Soft Tissue Masses Under The Skin
A neuroma is a nerve swelling or growth most commonly found between the toes, with the space between the third and fourth toes most commonly affected. Patients with neuromas often describe it feeling like they are “walking on a pebble”. They can also be associated with localized pain when the affected foot is squeezed into a tight shoe, or cause localized numbness and tingling. Conservative treatment of a neuroma includes fabricating a custom orthotic to take the pressure off of the nerve, injection therapy using either cortisone or sclerosing alcohol and physical therapy. Non-invasive shockwave treatments are also used to help alleviate pain with neuromas. When conservative treatments fail, surgical intervention is often indicated.
A plantar fibroma is a hard, benign mass commonly found in the arch of the foot that is attached to the plantar fascia. The mass may be large or small, and is usually not painful unless it is pressed against your shoe or the floor. Fibromas have a genetic link, and are most commonly found in older patients. If the fibroma is small and painless, treatment is usually not needed. If the mass grows or becomes painful cortisone injections and physical therapy can be used to attempt to shrink the mass. In some cases, surgical excision may be indicated.
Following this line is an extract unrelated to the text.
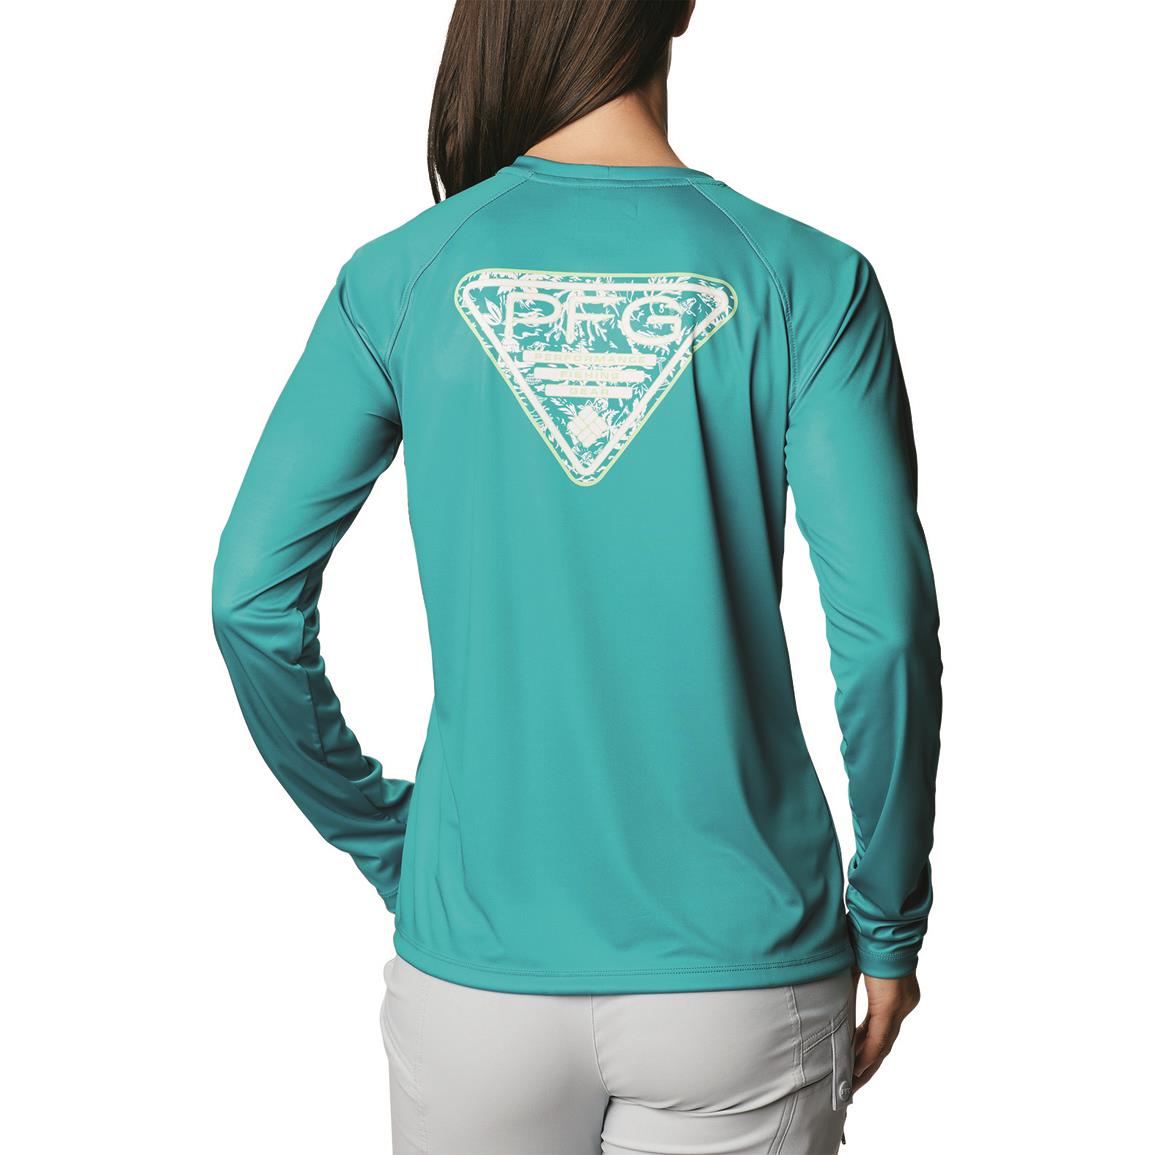 Columbia Women's Tidal Tee PFG Printed Triangle Shirt, Tropic Water

Ganglion cysts are non-cancerous lumps that that develop around the joint between two bones or as an attachment to a tendon sheath. They are filled with clear jelly-like fluid, and can feel either hard or soft to the touch. People with these cysts may feel pressure when the ganglion is touched or rubs in a shoe, or pain if they press against a nerve. Draining a ganglion immediately relieve localized pressure, although recurrence is common, and may require surgical intervention.
Other common deep cysts include sebaceous cysts that form around sweat glands, mucoid cysts which often form at the small joints in toes, and inclusion cysts which can encapsulate skin at an old injury site, or a foreign body like a sliver of glass or a splinter that isn’t removed.